Os dois curtas da quinta noite nos apresentaram personagens idosos e excepcionais. Mirela Kruel, diretora de “Catadora de Gente”, exercita seu poder de escuta ao dar voz a uma líder de catadores (de lixões) das mais articuladas, Maria Tugira Cardoso. Do lixo, ela retirou o sustento de sete filhos, que lhe deram 22 netos e três bisnetos. Do lixo, ela retirou, também, livros jurídicos (incluindo a Constituição de 1988) e obras literárias (Jorge Amado, Machado de Assis) que a fortaleceram, a ela e a seu discurso cidadão. Por isto, hoje, Tugira, que é presidente da Associação de Catadores de Lixo Amigos da Natureza, se define não como catadora de resíduos, mas sim como catadora de gente, de cidadãos com alma e autoestima.

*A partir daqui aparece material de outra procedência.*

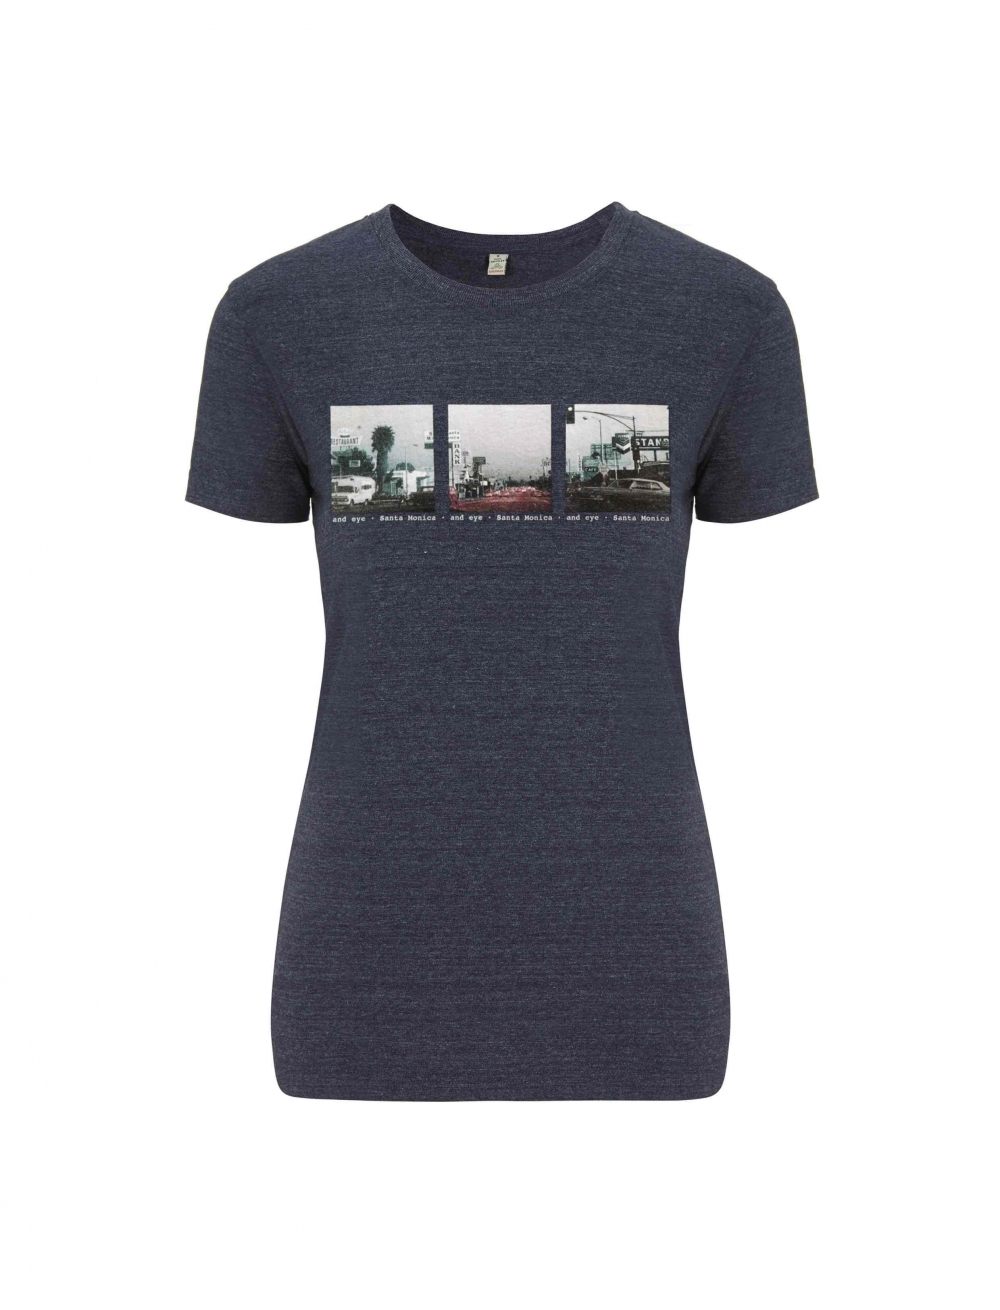 Camiseta ecológica y reciclada con imagen vintage de Santa Monica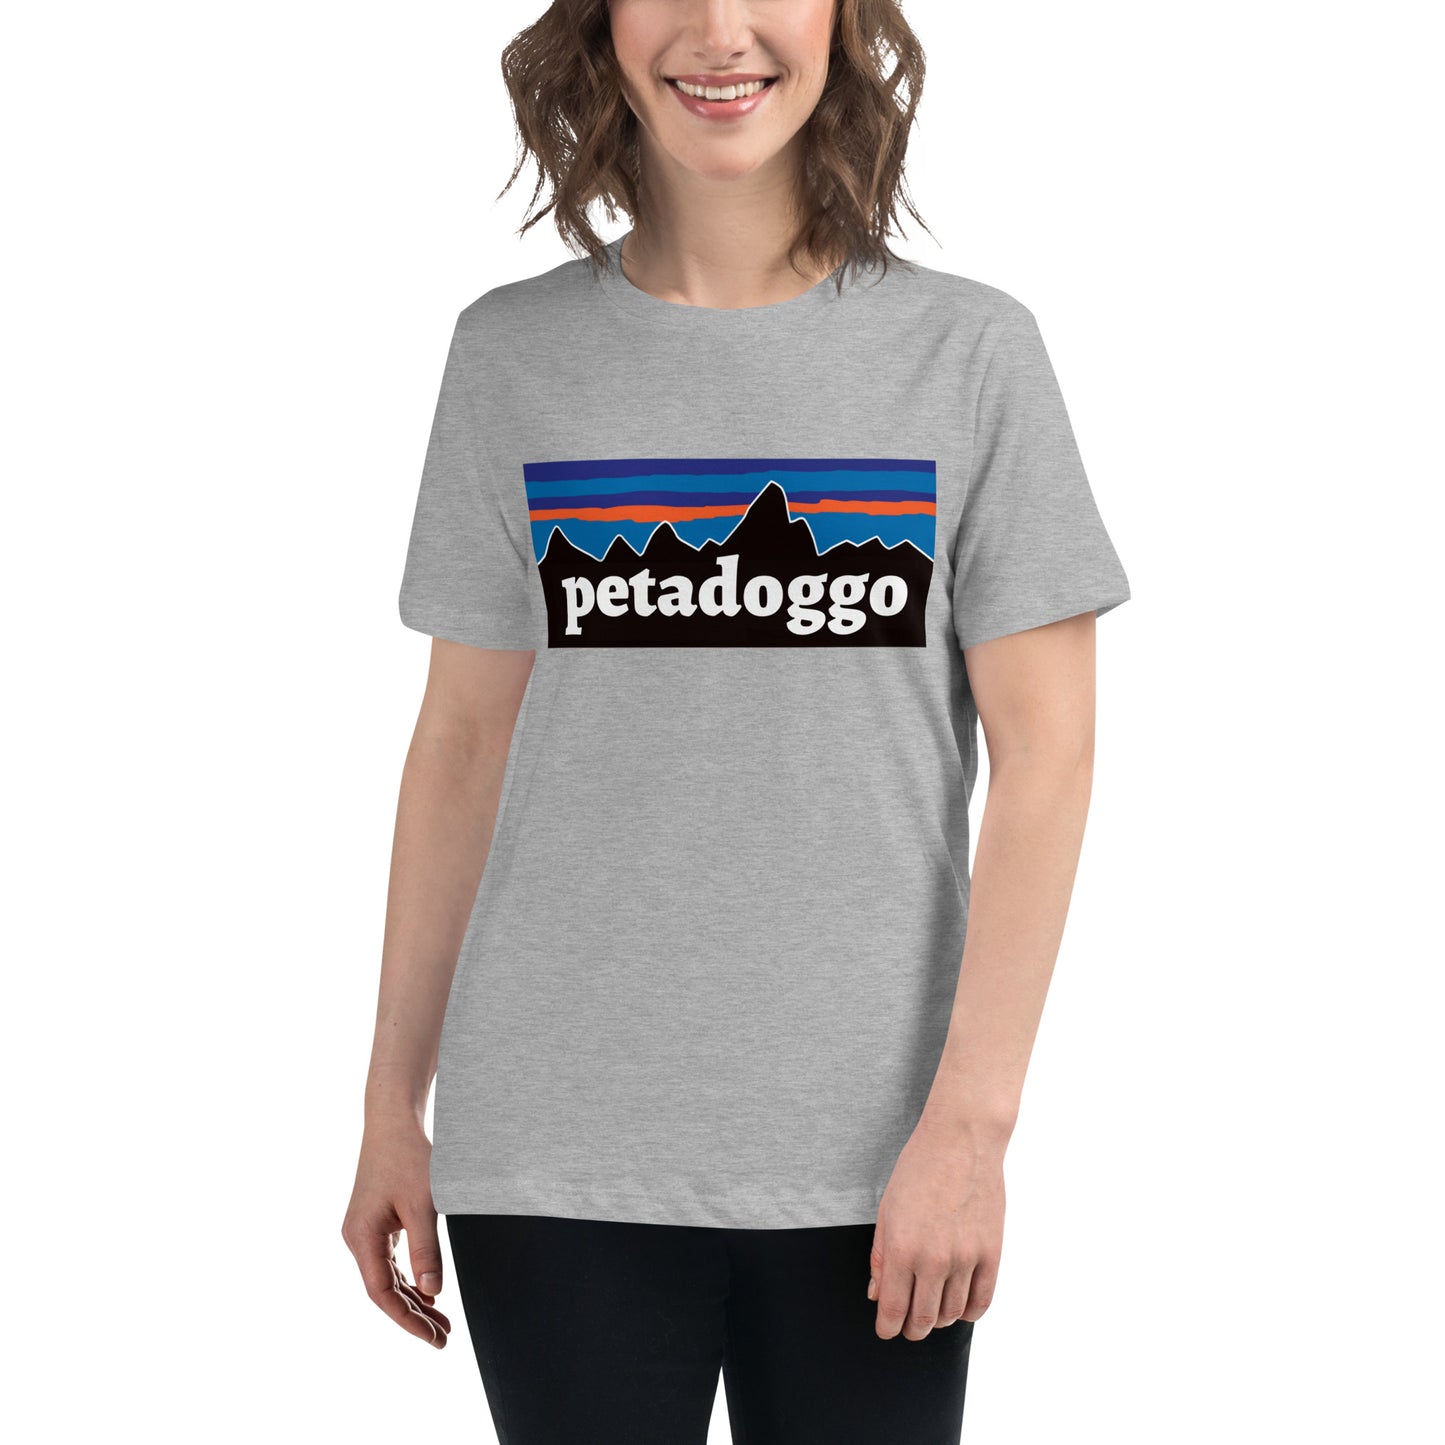 Petadoggo Women's Relaxed T-Shirt

O outro idoso da noite (no formato curto) foi Manoel do Norte, conterrâneo de João Guimarães Rosa, nascidos, assim como o mineiro Marco Antonio Pereira, os três na mineira Cordisburgo. O filme — de nome singular e impenetrável, “A Retirada para um Coração Bruto” — é a primeira parte de pentalogia que vai do realismo ao delírio nonsense. Que investe no bizarro, sem nenhum pudor. O filme e seu realizador caíram no gosto de curadores de festivais nacionais e internacionais, por sua desconcertante e poética construção. Feito com poucos recursos financeiros e materiais, o curta mistura um sertanejo que perdeu (e enterrou) a esposa num ermo onde Judas perdeu as botas, com rock pauleira e nave comandada por extraterrestres. Na verdade, ao invés de ETs, dela, desembarcam dois roqueiros mascarados, que parecem saídos de uma Folia de Reis.

Da “pentalogia cordisburguiana” já foram realizados mais dois títulos: “Alma Bandida”, que estreou em Berlim, e “Teoria para um Planeta”, que está a caminho de dois festivais internacionais. Os dois faltantes serão realizados em breve e, findos, serão sequenciados pelo primeiro longa-metragem do divertido Pereira. No debate de seu curta, o cineasta fez um apelo: “estou atrás de editora que se interesse em publicar os poemas de Manoel do Norte, um artista de raro talento, que já produziu três livros, todos inéditos, e mais de 70 músicas”. E fez um desabafo: “nossos filmes estão encontrando espaço em muitos festivais, mas — para tristeza de Manoel do Norte — nenhum deles foi projetado na Semana Roseana”, momento máximo da vida cultural do município que cultiva seu filho mais ilustre, o autor de “Grande Sertão: Veredas”.